Не знаю, с чего все началось. Я мог считать себя счастливчиком. У меня была стабильная работа с полной самореализацией. А еще жена и трое детей, которых я очень любил и которые очень любили меня. И много друзей. И дом — полная чаша.
Я много трудился, чем дальше — тем больше. Дежурил ночь через ночь, был автором статей в четырех журналах (причем читательские аудитории у них различались) и начал издавать собственную медицинскую газету. Кроме того, я вел нескольких аспирантов, изучающих уход за смертельно больными, читал лекции, а также несколько лет писал о вопросах применения морфина в медицине и о том, что из-за опасений медиков побочных эффектов пациенты могли не получать необходимое обезболивание.
Но все это не причины, а лишь предыстория.
Я совсем не помню, как впервые сделал себе укол морфина, хотя этот катастрофический момент и стал поворотным в моей жизни. Как-то где-то я решил, что, опробовав его на себе, пойму, как он работает. И усвоил этот урок на собственном горьком опыте.
Я не стал другим человеком. Скорее, на поверхность вышло все то первобытное и темное, что обычно прячется внутри. Совесть, мораль, уважение к другим — все это расползлось лоскутами ради одного-единственного краткого мига. Это было тяжелое время, но еще тяжелее пришлось Брид и тем, кто заботился обо мне.
Несмотря на карьеру писателя, у меня не было желания рассказывать о своей зависимости, и эта глава — моя единственная попытка. Однажды вечером я написал ее в один присест — предупреждение другим и напоминание самому себе, какой это ужасный, убогий, эгоистичный мелкий грех.

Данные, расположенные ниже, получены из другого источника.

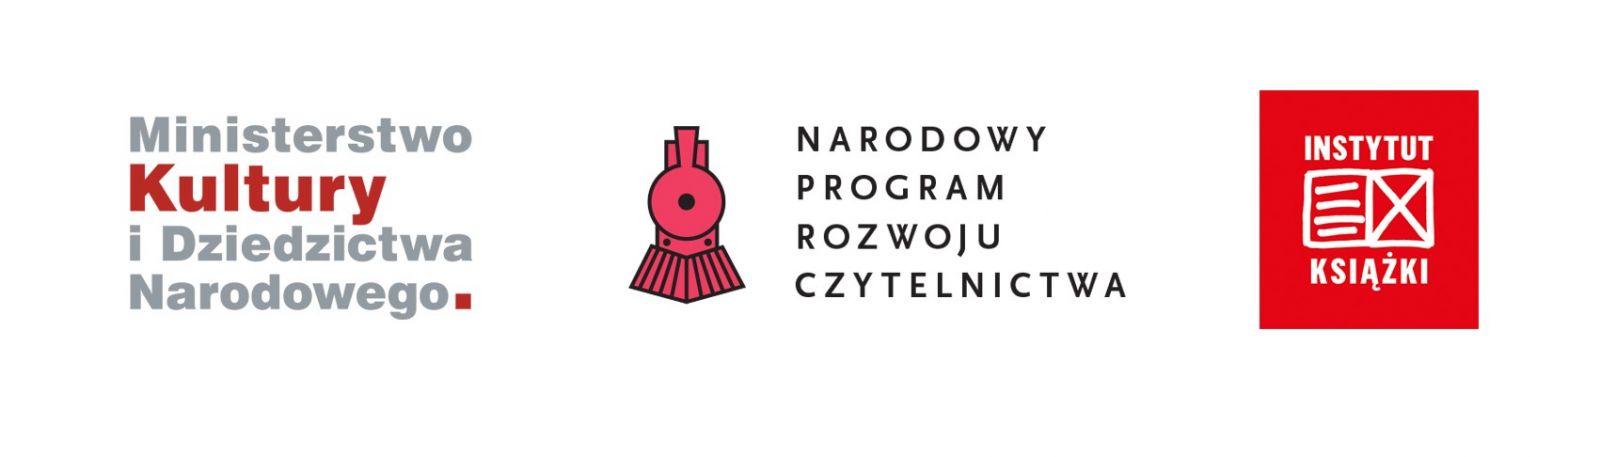 Logo Ministerstwo Kultury i Dziedzictwa Narodowego, logo Narodowy Program Rozwoju Czytelnictwa, logo Instytut Książki.

Вена горделиво набухает. На нее приятно смотреть, она манит. Жгут тугой ровно настолько, насколько нужно. Шприц ждет на прикроватном столике, затаившись, как акула. Новая игла с оранжевой канюлей ловит промельк света, серебряный отблеск ожидания. Игла жаждет оказаться в вене. Когда в сети пагубной зависимости попадает врач, у него, как правило, всегда под рукой новые чистые иглы, и он не думает о риске заразиться ВИЧ, гепатитом В или С. Новые иглы не затупятся. Чтобы набрать лекарство в шприц, я беру длинную иглу с зеленой канюлей. Для инъекции подойдет игла потоньше, с оранжевой канюлей.

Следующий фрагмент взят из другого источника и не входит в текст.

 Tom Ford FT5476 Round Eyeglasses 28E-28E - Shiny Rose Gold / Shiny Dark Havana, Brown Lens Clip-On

Рядом со шприцем, точно зловещий маленький предвестник конца, лежит пустая упаковка подготовленной смеси. Сочетание синего и красного на ней — словно маяк. Когда я вижу эти цвета, в голове звенит тревожный колокольчик. Если бы такая коробочка лежала на обочине дороги в полутора километрах от меня, я бы сразу ее заметил. В данный момент мне и дела нет, что это моя последняя доза. Будущее и цена, которую мне неизбежно придется заплатить, не имеют значения. Я живу настоящим. И все сейчас сосредоточено вокруг моих препаратов.
Использованные упаковки от игл, ампул и шприца лежат аккуратной кучкой. Я надеваю защитный колпачок на иглу с зеленой канюлей и ставлю ее рядом с пустой ампулой. К ним надо отнестись как можно внимательнее: выброшенные иглы могут оказаться где угодно, а ампулы легко бьются, оставляя крохотные, но острые осколки. Мусор нужно держать вместе, чтобы потом тайком от него избавиться. Секретность превыше всего, никто не должен знать или даже подозревать об этом. Если ждать, пока все не использую, велик риск забыть, поступить слишком небрежно и оставить улики. А я не хочу вопросов, не хочу проблем, не хочу крепкой любви, не хочу заботливых людей рядом. Я хочу наркотик.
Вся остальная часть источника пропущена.